The minister listened with a smile, as if her child-like fanaticism interested him like something of ra
re and peculiar quality, but he replied, with a certain touch of compassionate respect, “Is that the passage they ground their doctrine on? You know those are Luke’s words, and Luke had his facts at second-hand. The other gospels do not report the words of Jesus so, but even if Luke’s report were the most accurate, as it’s certainly the fullest, I should not take it literally. I have thought a good deal about that passage,” said the minister, “for I have to do a good deal of marrying and giving in marriage, and I read in it a deeper meaning than the face of the words bear. In a certain sense, marriage is both the death and the resurrection. If you will think about it, you will see that it is the very symbol of eternity in human life. All other human relations dissolve and end, but that endures imperishably. The family continually perishes through marriage, which creates it. Children are born to a wedded pair, and there is a family; they grow up and marry, and the family which they constituted ceases to be, as the family which their children shall constitute will cease to be. But the marriage of the father and mother remains to all eternity. If there is no giving in marriage beyond this life it is not in condemnation of marriage, but in recognition of the fact that it is from everlasting as well as to everlasting, like all things eternal.”
“There, Althea,” murmured Lorenzo; but the girl did not speak.
The minister went on, “The husband and the wife lay down their separate lives, and take up a joint life, which, if they are truly married, shall be theirs forever. There is no marrying after death, but heaven is imaged in every true marriage on earth; for heaven is nothing but the joy of self-giving, and marriage is the supreme self-giving. We call the ceremony ‘getting married,’ he pursued, expanding with a certain pleasure in his theme, which was not, perhaps, very relevant to it; “but the living together, the adjustment of temperaments, the compromise of opinions, the reconciliation of tastes, is what we should call ‘getting married.’ I should wish you to remember that marriage is the giving up of self.

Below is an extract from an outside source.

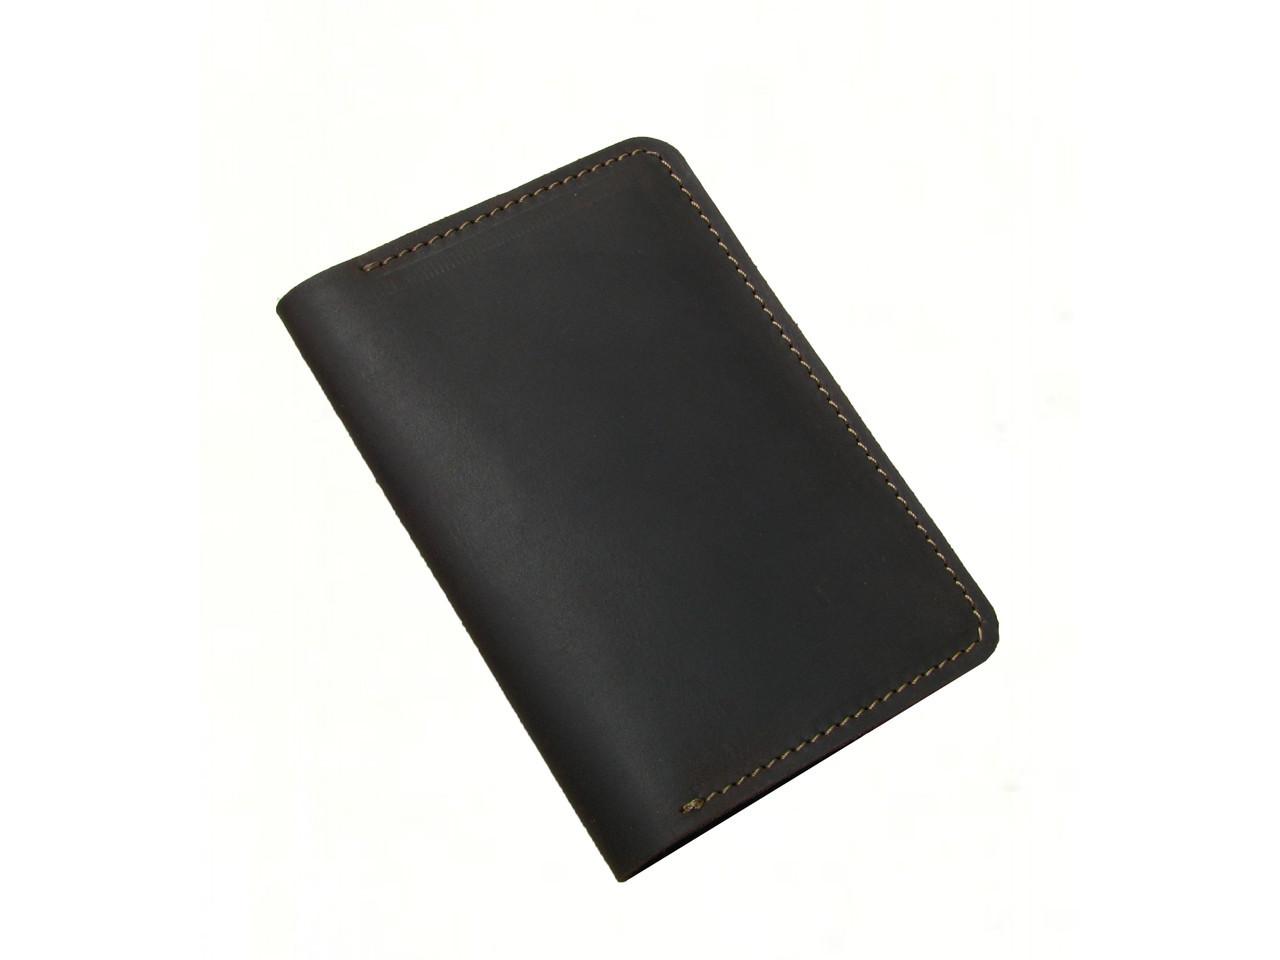 Обложка для паспорта GS кожаная коричневая

That is its highest meaning. If it is not that, it is something so low as to be the unworthiest of all human relations. If you do not give up yourselves, if you insist upon what you think your rights against one another, you will be yokemates of perdition, and your marriage will be a hell. I suppose it is the dread of something like this in marriage that has created the celibate sects in all times and in all religions. But marriage is properly the death of the individual, and in its resurrection you will rise not as man and woman, but as one pair, in the unity of immortal love. I declare,” he broke off, “I don’t know what’s keeping my wife. I’m detaining you an unconscionable time. If you’ll excuse me, I’ll just go—” He started from his chair, and made a movement towards the door.